Duhaime's Law Dictionary


Foreclosure Definition:

The sale of real property secured by a mortgage, in order to satisfy an outstanding loan.

Related Terms: Mortgage, Acceleration Clause, Bankruptcy, Redemption, Ejectment

Stritly speaking, a foreclosure is a "court order extinguishing the equity of redemption of the mortgagor (borrower) and establishing the mortgagee (bank/lender) as absolute owner of the property".1

Justice of the Saskatchewan Court of Queen's Bench adopted these words to describe foreclosure in the 2003 decision Royal Bank of Canada v. Aldridge:

"A legal proceeding to terminate a mortgagor’s interest in property, instituted by the lender (the mortgagee) either to gain title or to force a sale in order to satisfy the unpaid debt secured by the property."

foreclosure imageBecause the foreclosure is often immediately followed by the sale of the property (the banks don't want to be home owners), the entire process is often called a foreclosure and sale. Foreclosure has come to mean the action at law taken to recover and sell land given as security upon a loan.

In Dikeman v Jewel Gold Mining, Justice Rudkin of the United States Circuit Court of Appeals wrote:

"Foreclosure is a remedy by which the property covered by the mortgage may be subjected to sale for the payment of the demand for which the mortgage stands as security...."

In Cain v Bultman, Justice wrote:

"In foreclosure, the unpaid amount of the debt is determined and the owner is given one last opportunity to redeem his property by payment of all sums due, failing which the property is sold at public sale conducted under court authority and the proceeds of the sale are applied to pay or reduce the unpaid balance on the debt, with any surplus available to those having inferior rights in the mortgaged property."

Foreclosure is sometimes described as action taken to eliminate a right of redemption on mortgaged real property. Generally, this is what happens when someone does not pay their mortgage.

Even though there has been default on the loan payments, or no payments, the borrower retains a equitable right of redemption if, some day, he or she were able to find the money and try to exercise their right of redemption by paying all arrears on the mortgage.

But this left lenders (mortgagees) on the tether indefinitely.

Equity had to come full circle and allow the mortgagee to force the lender (mortgagor) to fish or cut bait; to pay the arrears or to lose (be "foreclosed) as to the right to redeem.

That out of the way, the mortgagee can then seek a possession order and sell the real property, the proceeds of which go first to pay off the arrears on the mortgage.

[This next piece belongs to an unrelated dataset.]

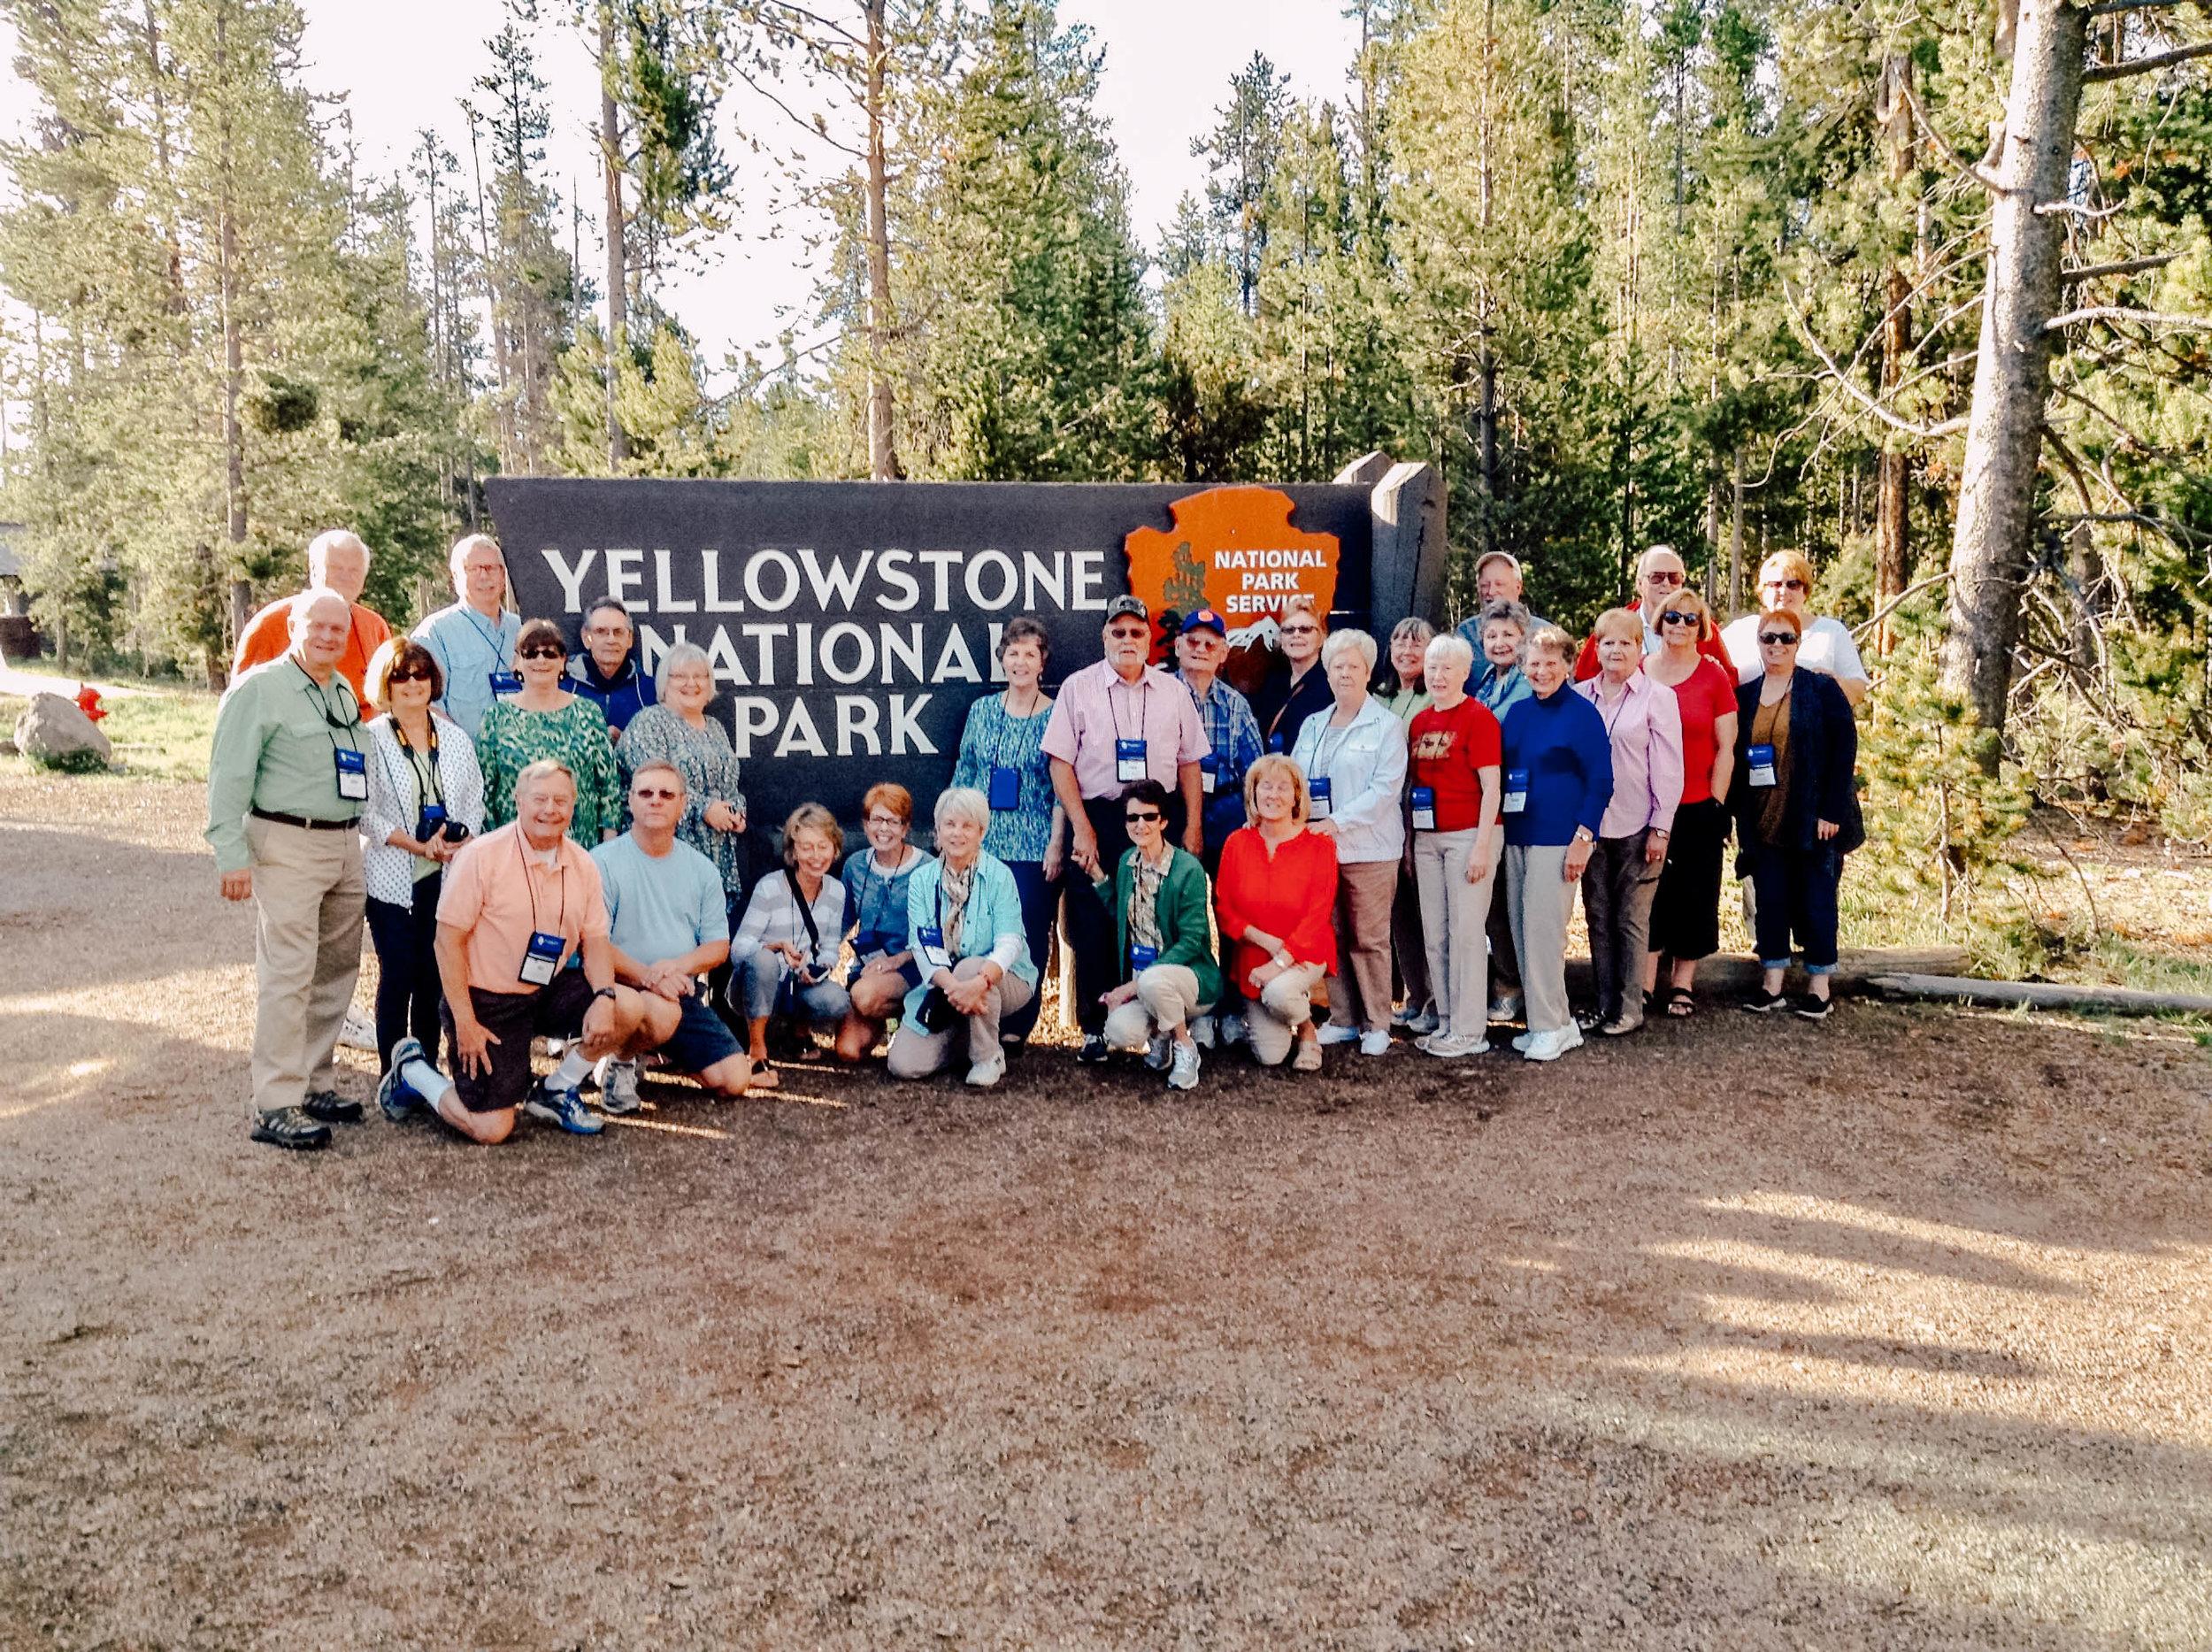 Wyoming_Yellowstone_AdultTour_2017_CarolPoole_Group_02.jpg

Consider, on that basis, these words of Justice Hammer of the New York Supreme Court (Bronx County) in Harlem Savings v Cooper:

"Foreclosure is a judicial act invoked by one party to compel the other party to fulfill his mortgage agreement. The judicial act when invoked irrevocably cuts off beyond the possibility of recall the mortgagor's rights, including his equity of redemption."

In Falconbridge on Mortgages (Rayner and McLaren, Toronto: Canada Law Book, 1977, p. 447), foreclosure was described as follows:

"When the Court of Chancery began to entertain applications by mortgagors for leave to redeem notwithstanding that by default in payment they had caused a forfeiture by breach of condition and had therefore lost their legal or contractual right to redeem, it was obliged in turn, in order to do complete equity, to entertain applications by mortgagees for foreclosure - the effect of a decree of foreclosure being simply to require a mortgagor within a definite time to redeem under penalty of being finally foreclosed or deprived of his equitable right to redeem.

"The .... reciprocal remedy to redemption is foreclosure.

"Equity, which by its interference has prevented the mortgagee from asserting his legal right to absolute ownership under the strict terms of the contract, simply removes the stop it has put on, upon default of the mortgagor in discharging the debt after reasonable time has been given to him, or in other words decrees foreclosure."

To clear the title of this potential, a lender goes to court, demonstrates the default, requests that a date be set where the entire amount becomes payable after which, in the absence of payment, the lender is automatically relieved of the requirement to redeem the property back to the borrower; the debtor’s right of redemption is said to be forever barred and foreclosed.

This cancels all rights a borrower would have in the real property and the property then belongs entirely to the lender, who is then free to possess or sell the property.

The word is frequently used to generally refer to the lender’s actions of repossessing and selling a property for default in mortgage payments.